4267272 AJA drivers cannot be built with RDMA on IGX SW 1.0 DP iGPU due to missing nv-p2p.h. Expected to be addressed in IGX SW 1.0 GA.
4384768 No RDMA support on JetPack 6.0 DP and IGX SW 1.0 DP iGPU due to missing nv-p2p kernel module. Expected to be addressed in JP 6.0 GA and IGX SW 1.0 GA respectively.
4190019 Holoviz segfaults on multi-gpu setup when specifying device using the --gpus flag with docker run. Current workaround is to use CUDA_VISIBLE_DEVICES in the container instead.
4210082 v4l_camera example seg faults at exit.
4339399 High CPU usage observed with video_replayer_distributed application. While the high CPU usage associated with the GXF UCX extension has been fixed since v1.0, distributed applications using the MultiThreadScheduler (with the check_recession_period_ms parameter set to 0 by default) may still experience high CPU usage. Setting the HOLOSCAN_CHECK_RECESSION_PERIOD_MS environment variable to a value greater than 0 (e.g. 1.5) can help reduce CPU usage. However, this may result in increased latency for the application until the MultiThreadScheduler switches to an event-based multithreaded scheduler.

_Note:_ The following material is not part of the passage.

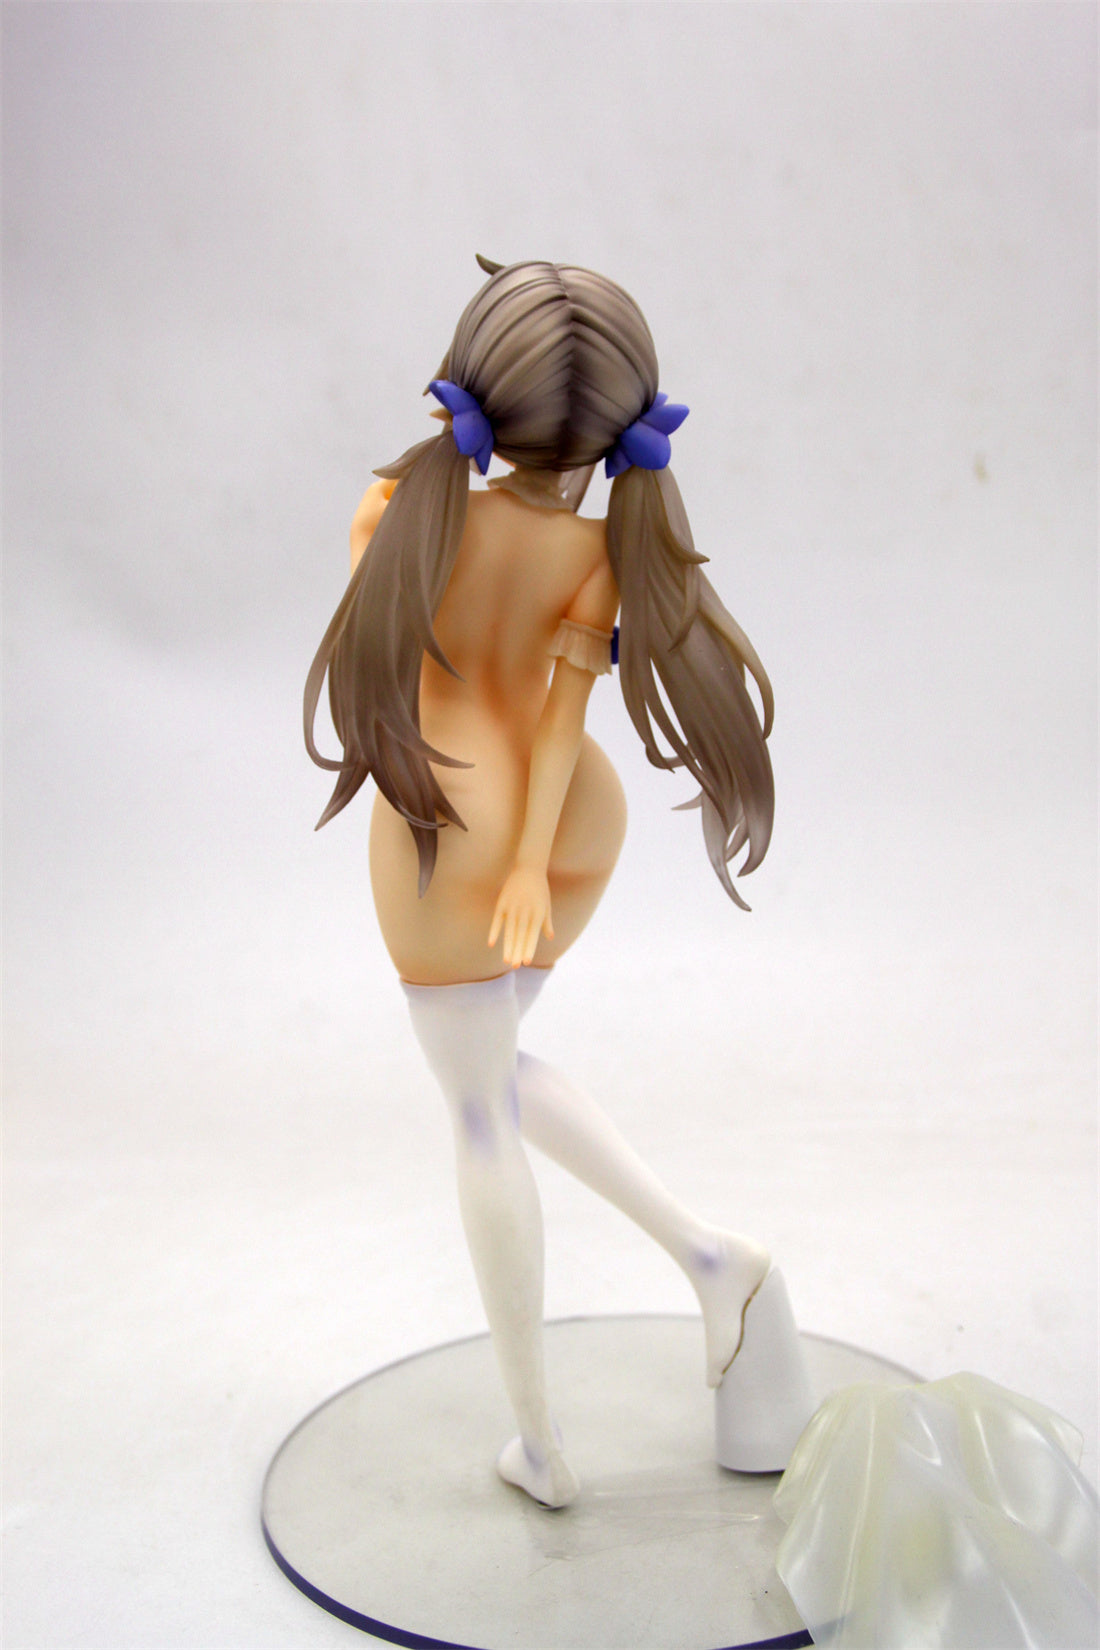 Original - Pure White Erof 1/6 collectible action figures naked anime figures

4318442 UCX cuda_ipc protocol doesn't work in Docker containers on x86_64. As a workaround, we are currently disabling the UCX cuda_ipc protocol on all platforms via the UCX_TLS environment variable.
4325468 The V4L2VideoCapture operator only supports YUYV and AB24 source pixel formats, and only outputs the RGBA GXF video format. Other source pixel formats compatible with V4L2 can be manually defined by the user, but they're assumed to be equivalent to RGBA8888.
4325585 Applications using MultiThreadScheduler may exit early due to timeouts. This occurs when the stop_on_deadlock_timeout parameter is improperly set to a value equal to or less than check_recession_period_ms, particularly if check_recession_period_ms is greater than zero.
4301203 HDMI IN fails in v4l2_camera on IGX Orin Devkit for some resolution or formats. Try the latest firmware as a partial fix. Driver-level fixes expected in IGX SW 1.0 GA.
4384348 UCX termination (either ctrl+c , press 'Esc' or clicking close button) is not smooth and can show multiple error messages.
4481171 Running the driver for a distributed applications on IGX Orin devkits fails when connected to other systems through eth1. A workaround is to use eth0 port to connect to other systems for distributed workloads.
4458192 In scenarios where distributed applications have both the driver and workers running on the same host, either within a Docker container or directly on the host, there's a possibility of encountering "Address already in use" errors. A potential solution is to assign a different port number to the HOLOSCAN_HEALTH_CHECK_PORT environment variable (default: 8777), for example, by using export HOLOSCAN_HEALTH_CHECK_PORT=8780.
4601414 The UCX extension's asynchronous data transmission feature causes a regression in the distributed application, such as insufficient memory on the transmitter side. As a workaround, users can increase the num_blocks parameter in the BlockMemoryPool or use the UnboundedAllocator instead of the BlockMemoryPool to avoid the issue.